# A single and hidden P0325 on 97 Maxima



## saig (Aug 16, 2007)

Hi,

Last night I pulled the code P0325-Knock Sensor Bank 1. Last week in 95 degree weather, the car was overheat while driving with AC on. A weird thing is the Temperature Gauge shot up. After I turned off the AC and put on maximum heat, the needle dropped down to 9 o'clock position. Should it change gradually up and down? 

After this, I changed new coolant, oil/filter (synthetic and nissan filter) and a new thermostat. The car is not overheat now. But it is running hot and the engine sounds like knocking. I always fill up with 92 Octane from SA. The car is not responsive after into 30-40 minutes drive.

So what should I look for?

Engine Coolant Temperature Sensor?
EGR valve?

Thanks

Saig


----------



## smj999smj (Jan 1, 2006)

Did you use a Nissan thermostat? Is the radiator cooling fan working? Is there any restriction of airflow through the AC condensor and radiator cores? Condition of radiator (flow tested)? Did you purge the air out of the cooling system?
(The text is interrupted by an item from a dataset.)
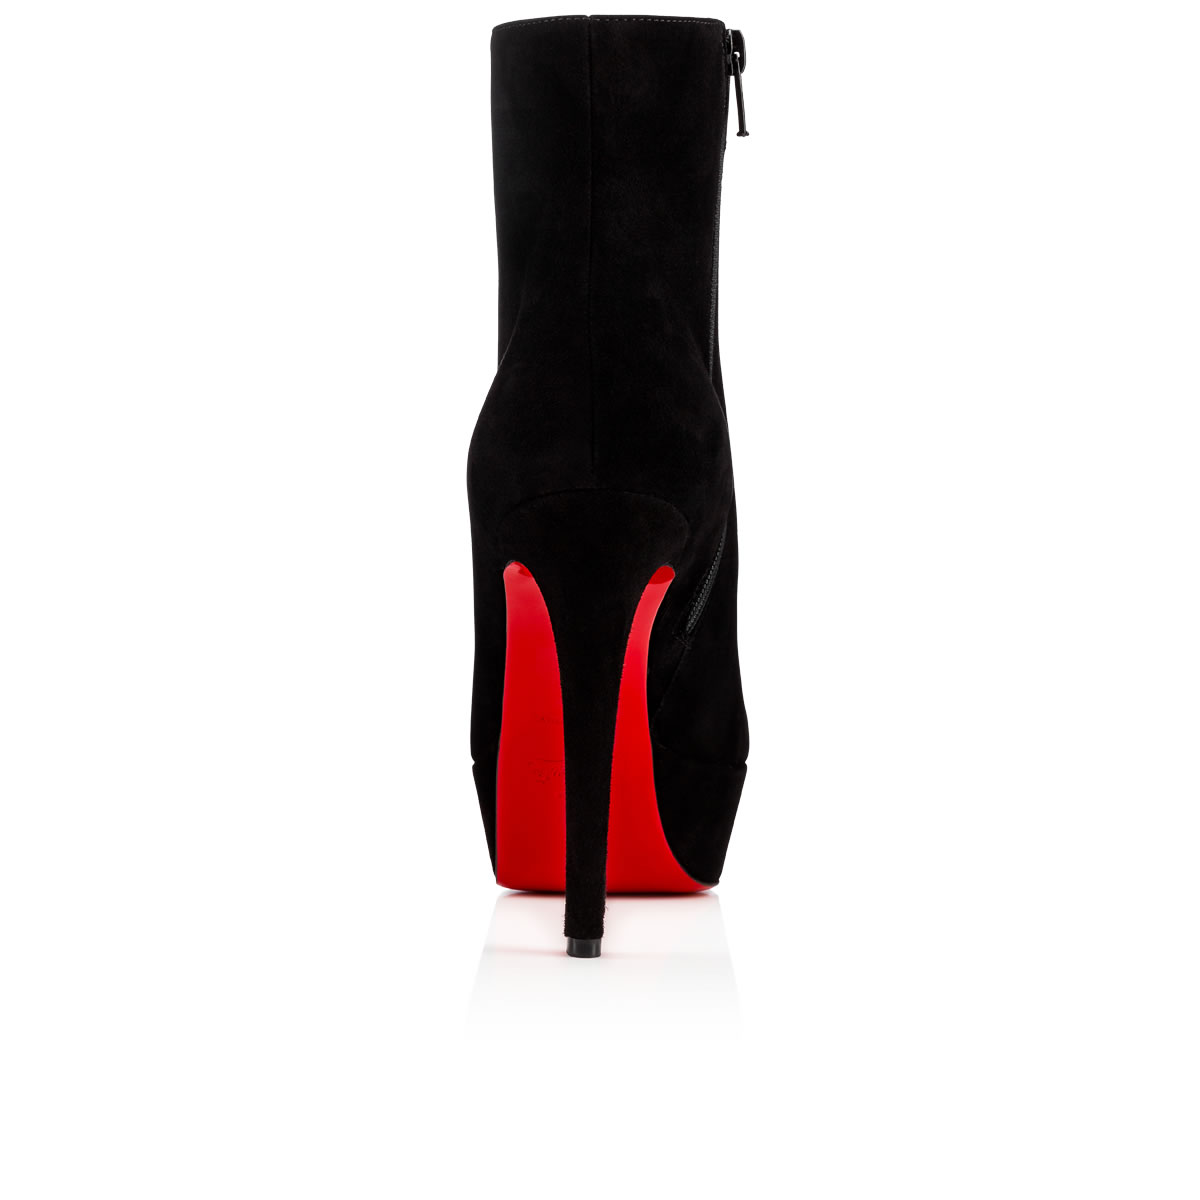 BIANCA BOOTY 120 120 BLACK Veau velours - Shoes - Women 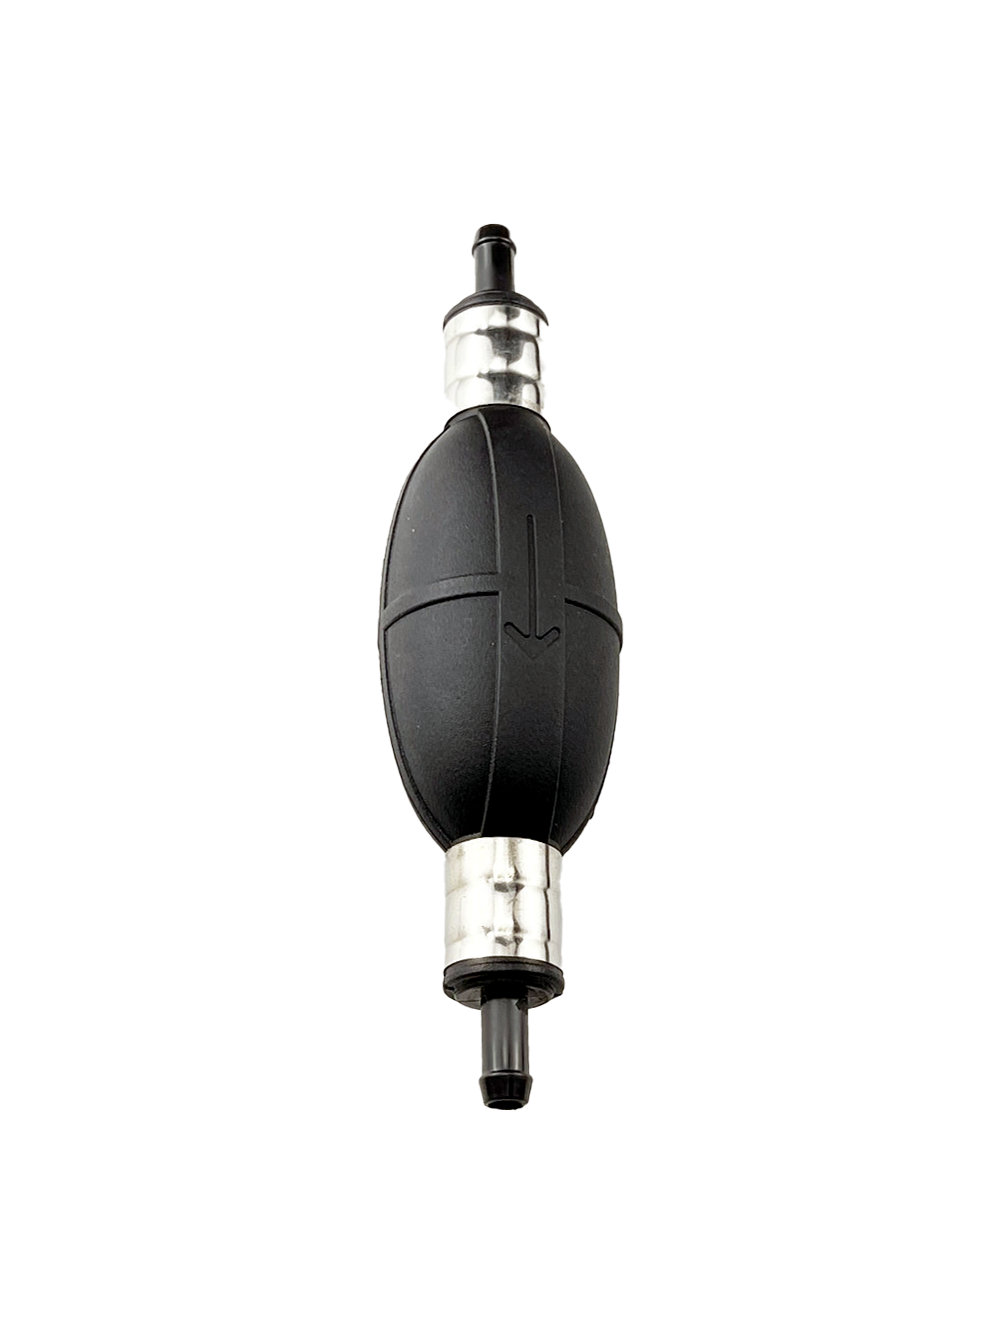 6mm 1/4 Fuel Hose Transfer Pump For Outboard Motor Primer Bulb Rubber Manual

A hot running engine will cause the engine to knock. Sounds like the gauge and knock sensor are working properly.


----------



## saig (Aug 16, 2007)

Yes, I use new Nissan thermostat. Both the radiator fans are working. I don't know how to purge the air. When changing the coolant I followed this guide: motorvate.ca v2.0 - *THE* DIY Maxima Website. It did not mention about purging air. Do you know how to do it with the Maxima 97?

Thanks smj999smj
Saig


----------



## smj999smj (Jan 1, 2006)

Nissan later revised the procedure, using a coolant system tool that puts the system under a vacuum and allows the vacuum to suck in the coolant (thus, no air pockets). It's nice to have the tool, but not necessary...especially since you already have installed the coolant. There should be an air bleed valve on the engine...I believe it's near the coolant temp sensor, but don't quote me. With the engine cool and the radiator cap removed, loosen the air bleed screw and purge out the air until you get a constant stream of coolant. At this point, the engine should be run until all of the air bubbles are out of the coolant. It's best if you can raise the front end of the car up slightly. Run the engine without the cap until the thermostat opens and the air bubbles stop. The best way to do this is with a Lisle 2qt. funnel kit with rad. adapters. It allows you to securely attach the funnel to the radiator neck and fill the coolant system until it is about 1/3-1/2 up the funnel. Runn the engine and you can more easily observe the coolant and allows for less mess when the coolant surges as it expands and contracts. The funnel kit runs about $20.


----------